严重的哮喘（SA）是复杂的，多因素和对皮质类固醇（CS）治疗的难治性的。最近 多年来，随着生物制剂的出现，在治疗中取得了一些进展。但是，尽管如此 进步，由于不完整，这些患者的治疗仍然存在挑战 对这种疾病的基础的免疫和上皮细胞功能障碍的理解。这是进一步的 由于可用于区分靶向治疗的疾病的生物标志物的不良生物标志物使 它们的巨大成本，尤其是在不符合规定的情况下。当前项目1中的进度 使用质量细胞术/细胞循环，显示SA患者聚集成2组，显示出不同的免疫力 曲线沿着先天和适应性免疫的线路分裂。项目2在研究中取得的进展 SA中的支气管上皮细胞（BEC）表明存在两个根本不同的分子 表型。一个组中的BEC主要响应吸入的环境刺激以推动先天 固有表型。在第二组中，BEC细胞死亡途径与CD8 T细胞免疫相交 驱动免疫互动表型的过程。综上所述，这些发现促使我们 假设两种不同的免疫机制，一种由先天免疫细胞调节，第二个由T 细胞是SA的关键决定因素。气道上皮细胞之间的相互作用 遗传/表观遗传风险和免疫细胞以及诱导细胞死亡有助于两个SA 表型。该假设将在以下两个高度互动的项目中解决：项目1将 使用人类样品和疾病的小鼠模型： 通过BAL收集的免疫细胞并研究了杜皮鲁姆单抗对免疫表型的影响，b）研究 在促进Sa中表达FCERI的先天免疫细胞和IL-7RA信号的重要性 使用基于蛋白酶的新型小鼠模型的表型，以及c）研究机制的研究机制 TRM细胞表型和使用T细胞驱动的小鼠模型对疾病的影响。项目2将使用新鲜 并进行培养的健康和哮喘的BEC：a）确定的机制和功能含义 先天的内在上皮表型，b）评估GSDMB在CD8 T细胞发展中的作用 免疫互动表型及其功能含义，c）整合免疫炎症 具有上皮分子表型的表型离体和体外。项目之间的协同互动 将得到以下支持：行政核心核心A的支持，以协调该计划的活动 在各个级别的项目中，核心B，人类生物学采样和免疫细胞仪核心和核心C， RNA-seq和生物信息学核心。综上所述，这些项目将在免疫中建立新的概念 哮喘发病机理的基础上皮相互作用并确定治疗的新靶标。

项目成果

Integrative analysis of spatial transcriptome with single-cell transcriptome and single-cell epigenome in mouse lungs after immunization.
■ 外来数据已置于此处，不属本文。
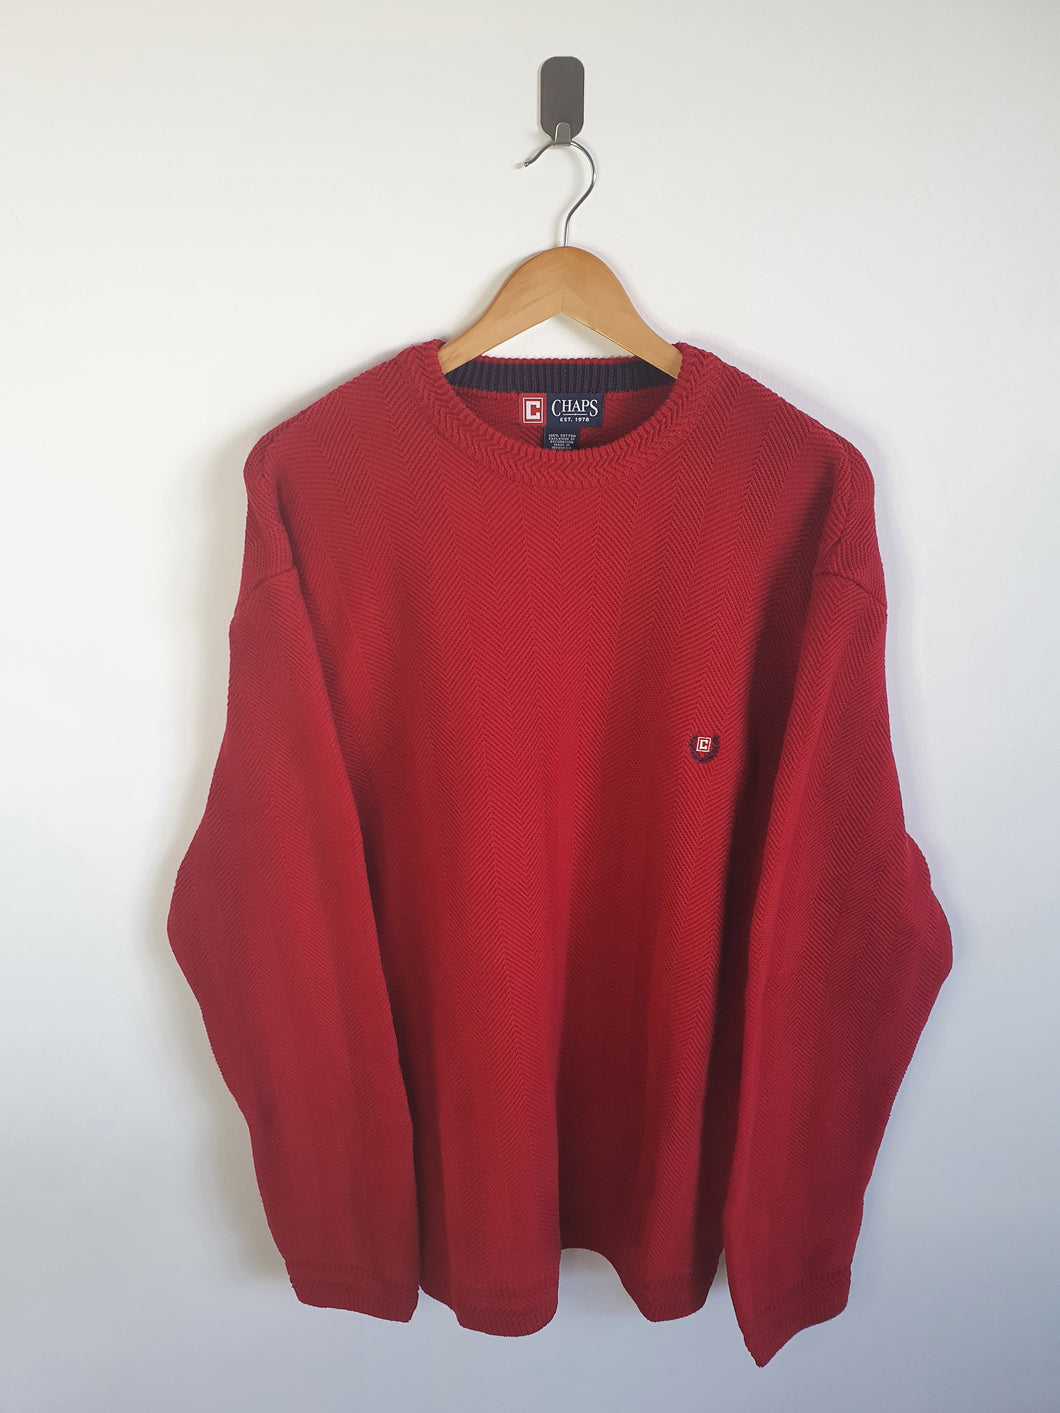 Ralph Lauren Chaps Red Crew Neck Sweatshirt - XL

• DOI: 10.1016/j.isci.2022.104900
• 发表时间: 2022-09-16
• 期刊: ISCIENCE
• 影响因子: 5.8
• 作者: Xu, Zhongli;Wang, Xinjun;Fan, Li;Wang, Fujing;Lin, Becky;Wang, Jiebiao;Trevejo-Nunez, Giraldina;Chen, Wei;Chen, Kong
• 通讯作者: Chen, Kong

Digital Imaging Analysis Reveals Reduced Alveolar α-Smooth Muscle Actin Expression in Severe Asthma.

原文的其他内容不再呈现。